Adding, changing, and debugging user event data

This document outlines the process for adding or changing the raw user event data collected from Sourcegraph instances. This is limited to certain managed instances (cloud) where the customer has signed a corresponding data collection agreement.

User event data philosophy

Raw user event data is collected from logs in the event_logs table in the instance primary database and sent to Sourcegraph centralized analytics. These events are a product of events performed by users or the system and represent our customers’ most sensitive data. We must preserve and build trust through only careful additions and changes to events added to the egress pipeline.

All user event data must be:

Anonymous (with only one exception, the email address of the initial site installer)
Non-specific (e.g., no repo names, no usernames, no file names, no specific search queries, etc.)

Adding events to the raw user event data pipeline

Ensure that any events added to the data pipeline are consistent with the user level data FAQ.

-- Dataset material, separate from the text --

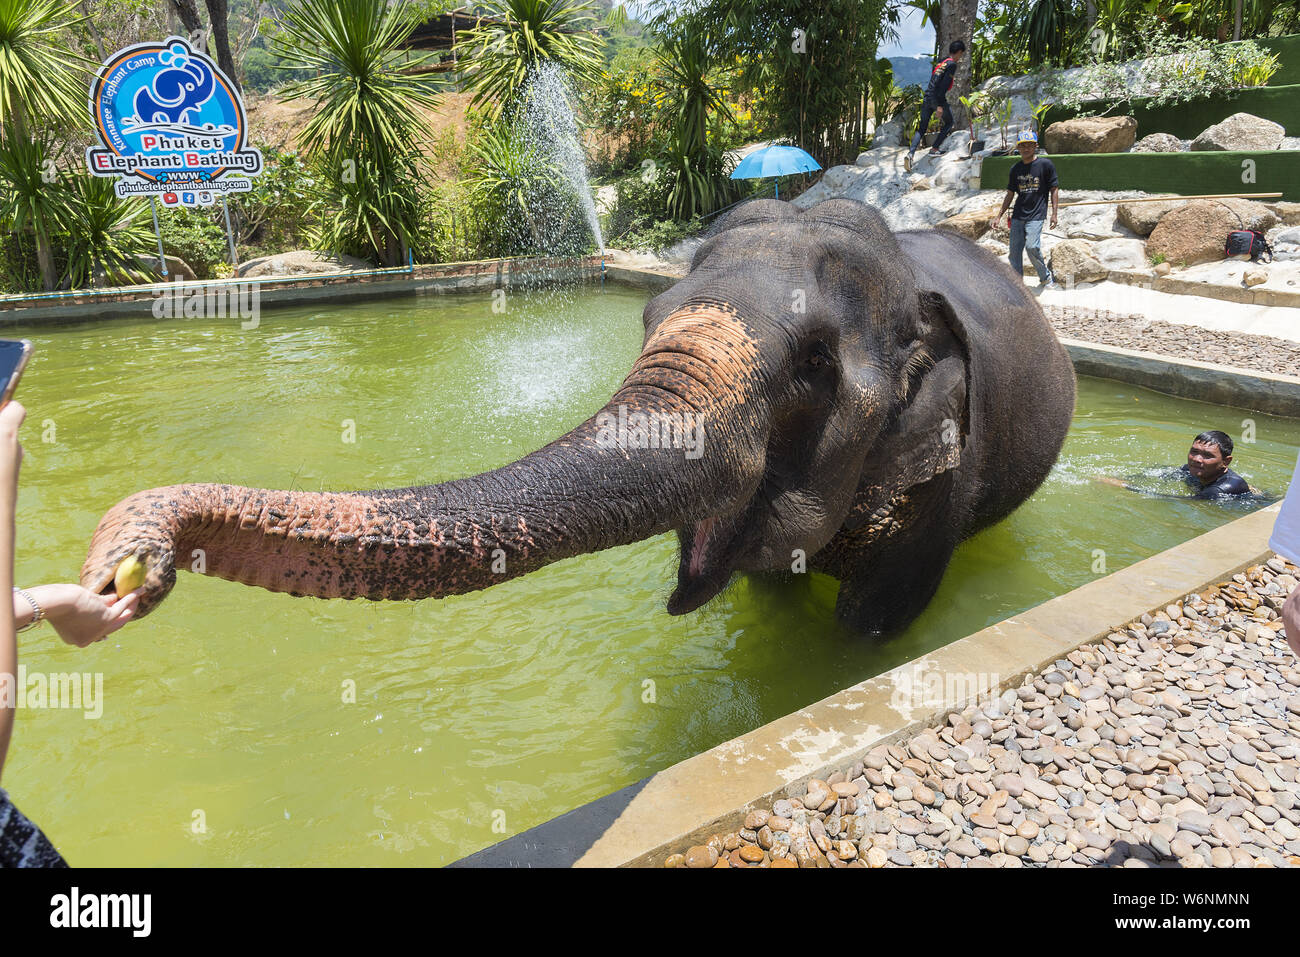 Phuket, Thailand - 04/19/2019 - Elephant bathing camp in Phuket with captive elephant in bathing pool being fed by tourists. Stock Photo

Changing the BigQuery view

Edit the query from the cloud console to add additional data that is passed through the event batches. Any data that does not exist will persist as null rather than fail–this will ensure backward compatibility.

WITH data as (
SELECT JSON_EXTRACT_ARRAY(data, '$') as json
FROM `telligentsourcegraph.dotcom_events.events_usage_raw`
)
select
--flattened_data,
JSON_EXTRACT_SCALAR(flattened_data, '$.name') as name,
JSON_EXTRACT_SCALAR(flattened_data, '$.url') as url,
JSON_EXTRACT_SCALAR(flattened_data, '$.user_id') as user_id,
JSON_EXTRACT_SCALAR(flattened_data, '$.anonymous_user_id') as anonymous_user_id,
JSON_EXTRACT_SCALAR(flattened_data, '$.source') as source,
JSON_EXTRACT_SCALAR(flattened_data, '$.argument') as argument,
JSON_EXTRACT_SCALAR(flattened_data, '$.version') as version,
JSON_EXTRACT_SCALAR(flattened_data, '$.timestamp') as timestamp,
JSON_EXTRACT_SCALAR(flattened_data, '$.firstSourceURL') as firstSourceURL,
JSON_EXTRACT_SCALAR(flattened_data, '$.first_source_url') as first_source_url,
JSON_EXTRACT_SCALAR(flattened_data, '$.feature_flags') as feature_flags,
JSON_EXTRACT_SCALAR(flattened_data, '$.cohort_id') as cohort_id,
JSON_EXTRACT_SCALAR(flattened_data, '$.referrer') as referrer,
JSON_EXTRACT_SCALAR(flattened_data, '$.public_argument') as public_argument,
JSON_EXTRACT_SCALAR(flattened_data, '$.device_id') as device_id,
JSON_EXTRACT_SCALAR(flattened_data, '$.insert_id') as insert_id,
JSON_EXTRACT_SCALAR(flattened_data, '$.last_source_url') as last_source_url,
JSON_EXTRACT_SCALAR(flattened_data, '$.site_id') as site_id,
JSON_EXTRACT_SCALAR(flattened_data, '$.license_key') as license_key,
JSON_EXTRACT_SCALAR(flattened_data, '$.initial_admin_email') as initial_admin_email,
JSON_EXTRACT_SCALAR(flattened_data, '$.deploy_type') as deploy_type,
from data
cross join unnest(data.json) as flattened_data
)

Debugging

Working backward from where the data is coming from, we should receive alerts for anomalies along each step of the process here.

At the view, the details expose the raw SQL of flattening out the payload batches then extracting the desired field from the JSON structure.
In the raw table, the subscription unloads any new data into this table as an array of JSON objects. The payloads are capped at source to 10MB.
In the subscription, there are metrics available in the cloud console. There is not currently any automated snapshot generation.
In the pub/sub topic, there are also metrics available in the cloud console. There is not currently any automated snapshot generation. There is currently a 7 day retention duration for messages in the queue.
In the instance, this would point to an issue with the instance sending data at all. Check if there is also an interruption in ping or other telemetry data.